Too much screen time is bad for the heart
The excessive use of electronic devices and watching a lot of TV are both associated with significant health risks for young children and adolescents, according to new research published in the Journal of the American Heart Association.[1] In fact, too much screen time may follow children for their entire lives, influencing their risk of poor cardiovascular health well into adulthood.
“Limiting discretionary screen time in childhood and adolescence may protect long-term heart and metabolic health,” lead author David Horner, MD, PhD, a researcher at the Copenhagen Prospective Studies on Asthma in Childhood (COPSAC) at the University of Copenhagen in Denmark, said in a statement. “Our study provides evidence that this connection starts early and highlights the importance of having balanced daily routines.”
Horner et al. reviewed data from more than 1,000 study participants who were either 10 or 18 years old. Overall, an extra hour of screen time appeared to increase a participant’s cardiometabolic risk score by a considerable amount—0.08 standard deviations for the 10-year-old participants and 0.13 for the 18-year-old participants.

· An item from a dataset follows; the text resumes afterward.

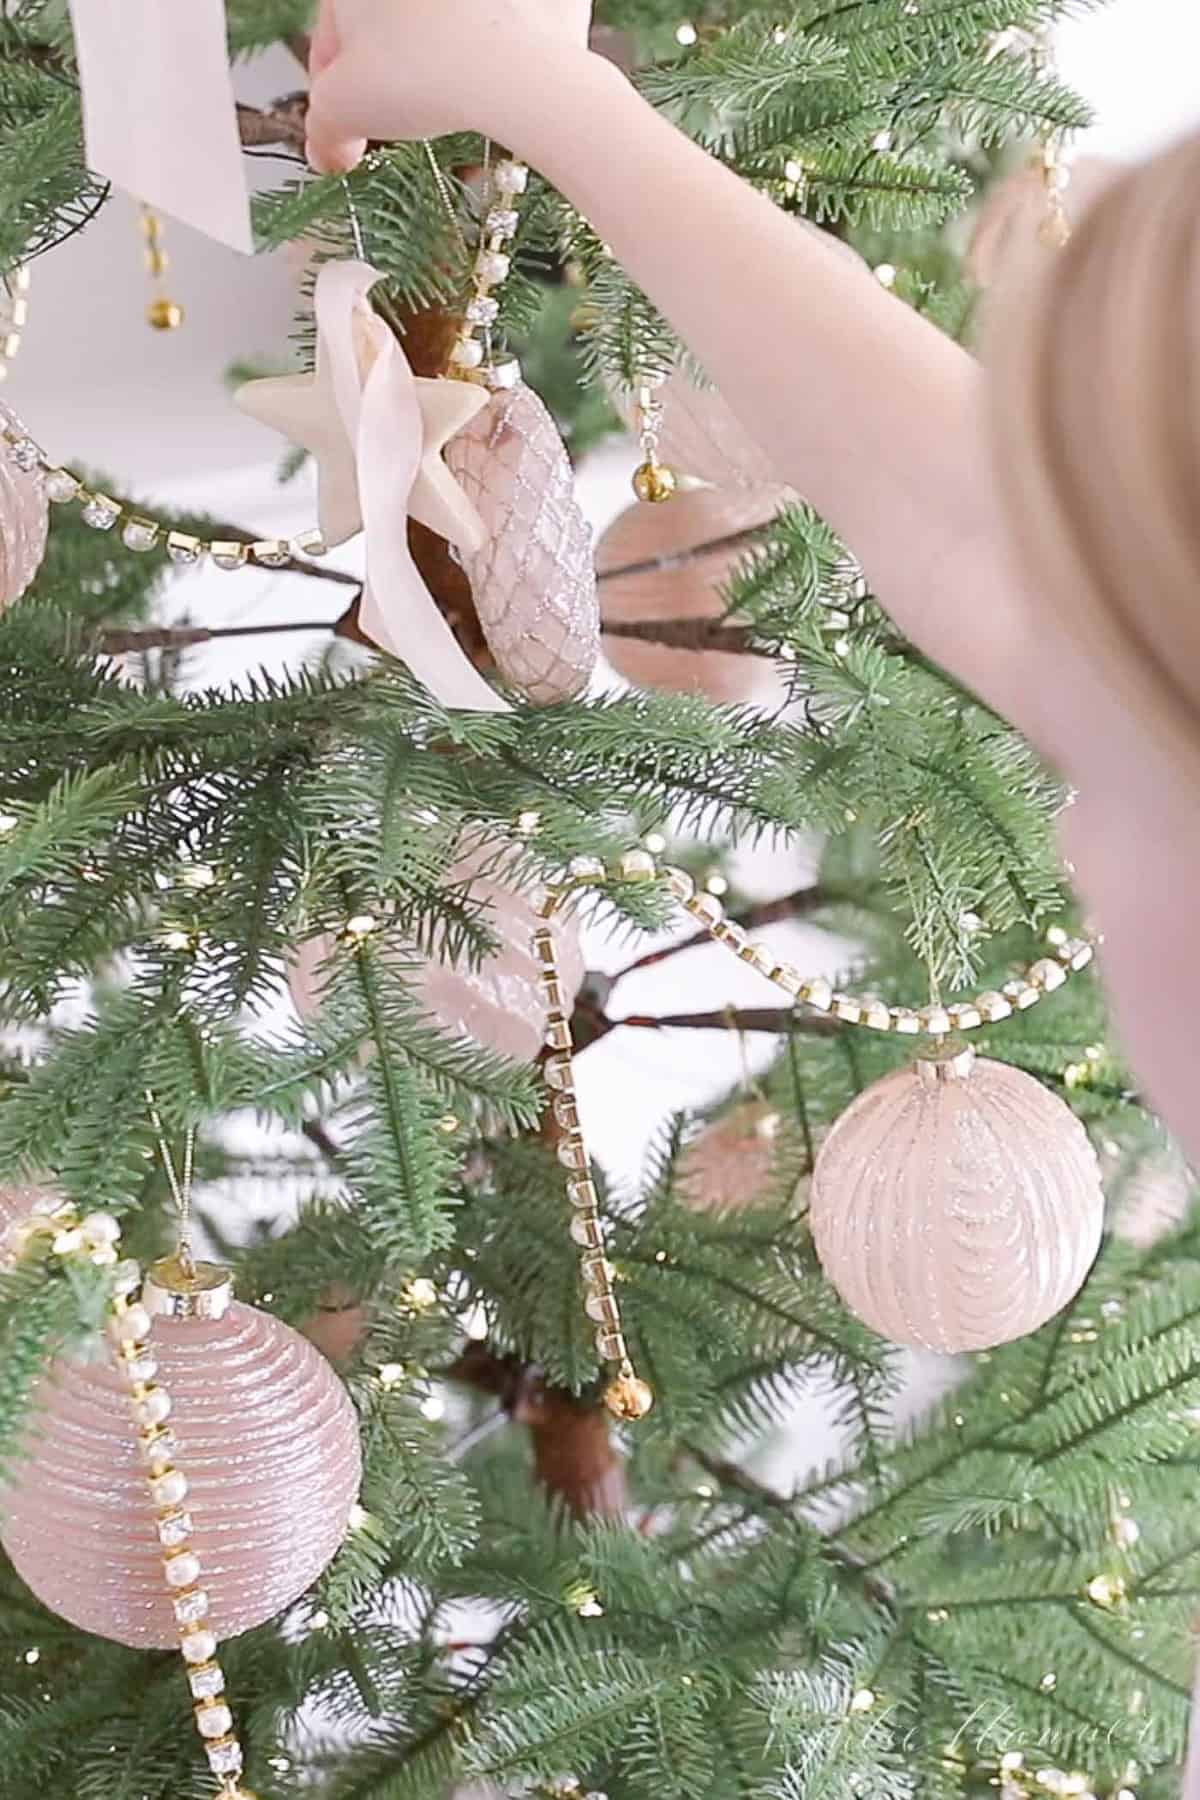 Salt dough ornaments shaped into a star hanging from a Christmas Tree.

“This means a child with three extra hours of screen time a day would have roughly a quarter to half a standard-deviation higher risk than their peers,” Horner explained. “It’s a small change per hour, but when screen time accumulates to three, five or even six hours a day, as we saw in many adolescents, that adds up.”
The group also used artificial intelligence to identify a “unique metabolic signature” in a patient’s blood that appears to be directly linked to screen time.
“We were able to detect a set of blood-metabolite changes, a ‘screen-time fingerprint,’ validating the potential biological impact of the screen time behavior,” Horner said. “Using the same metabolomics data, we also assessed whether screen time was linked to predicted cardiovascular risk in adulthood, finding a positive trend in childhood and a significant association in adolescence. This suggests that screen-related metabolic changes may carry early signals of long-term heart health risk.”